MaitreyaSequeira said:


> ^^ Bruges? Ghent?
> 
> :rofl:


hahahahaha MUMBAI guy, you are sure NOT traveling 

Bruges: VENICE of the north, it's all from the middle ages
THE HOLE OLD CITY IS PROTECTED BY UNESCO


(a very little exapmle)
ghent the same:


my advice to you:
do some research before you post something:cheers:


----------



## KoolKeatz

freeksregistration said:


> it's all from the middle ages


...which isn´t old compared with Damascus, Jerusalem, Athens, Rome and many other ancient citys.


----------



## freeksregistration

KoolKeatz said:


> ...which isn´t old compared with Damascus, Jerusalem, Athens, Rome and many other ancient citys.

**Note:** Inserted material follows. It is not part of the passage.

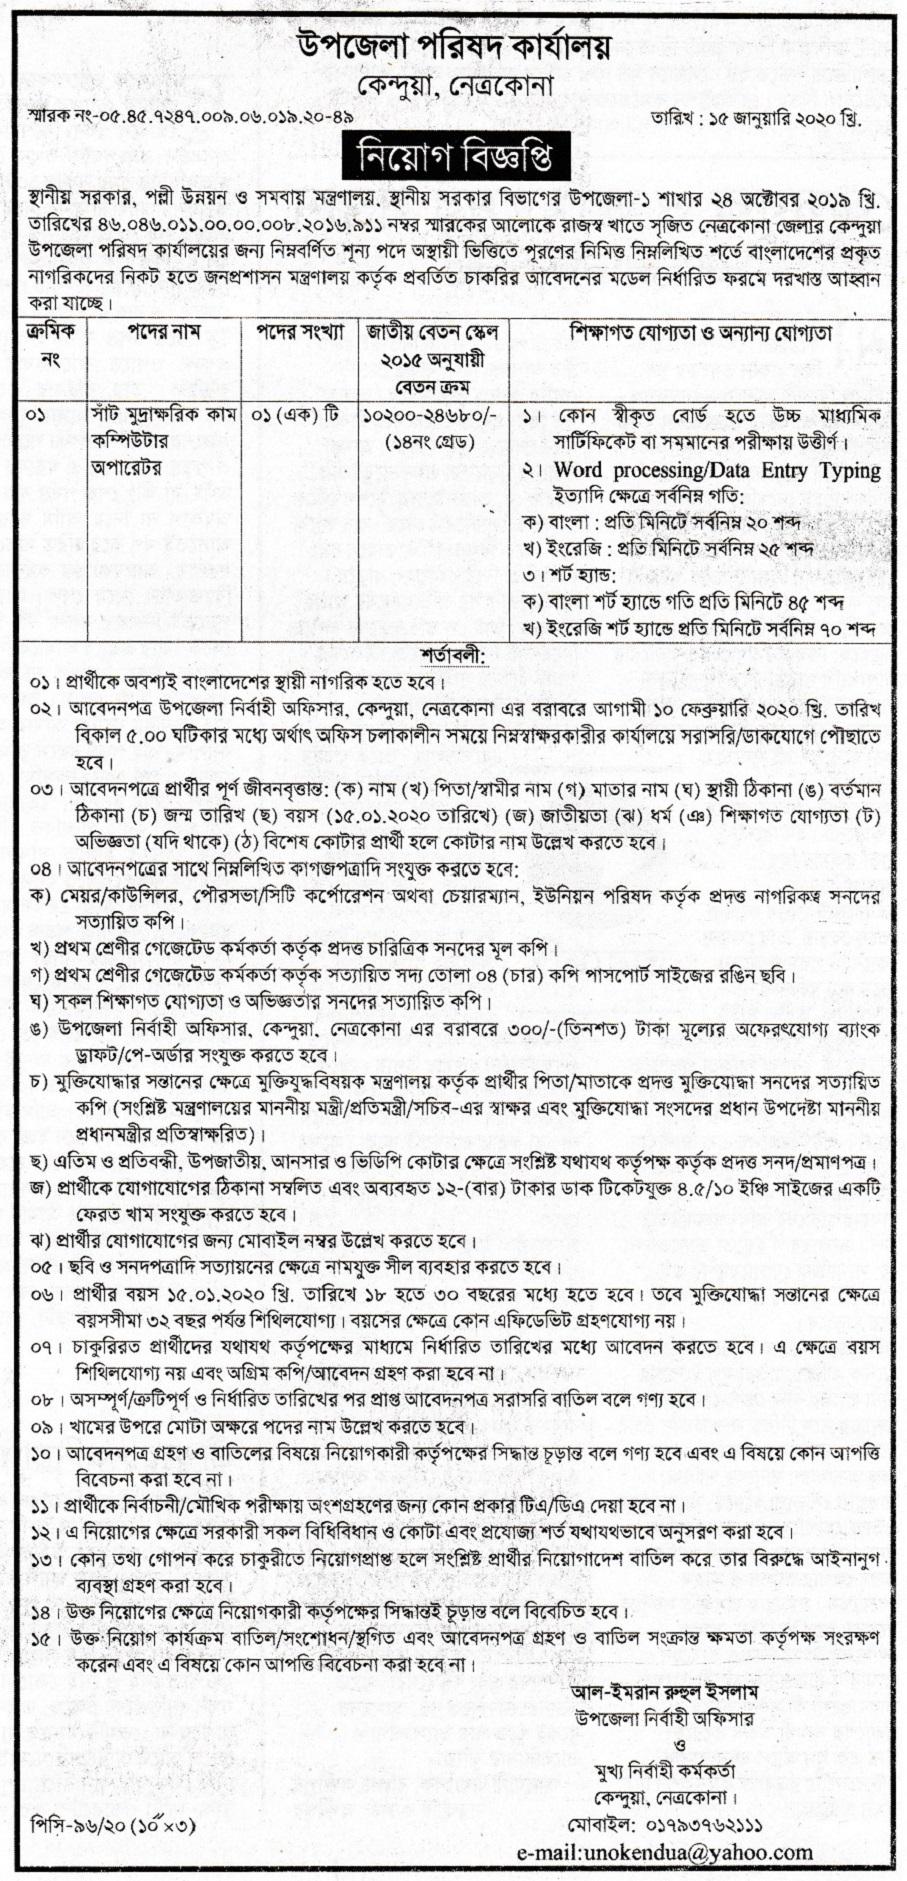 Netrokona Upazila Parishad Office Job Circular 2020

damascus(??) maybe not that old as rome, buth this topic is about "most historical city" = a city that hasn't much changed in the 21 century, 
this is not the "oldest city of the world" topic


----------



## Mahratta

freeksregistration said:


> hahahahaha MUMBAI guy, you are sure NOT traveling
> 
> my advice to you:
> do some research before you post something:cheers:


Firstly - I am a TORONTO guy, I live in Toronto.

Nice argument. Pass off anyone who criticizes your petty nationalism as 'untraveled.'
Dude, I have lived in Belgium (Ekeren. which is from the 1100s, btw) and I can tell you that the only Belgian city I can consider being considerable is Brussels / Bruxelles. 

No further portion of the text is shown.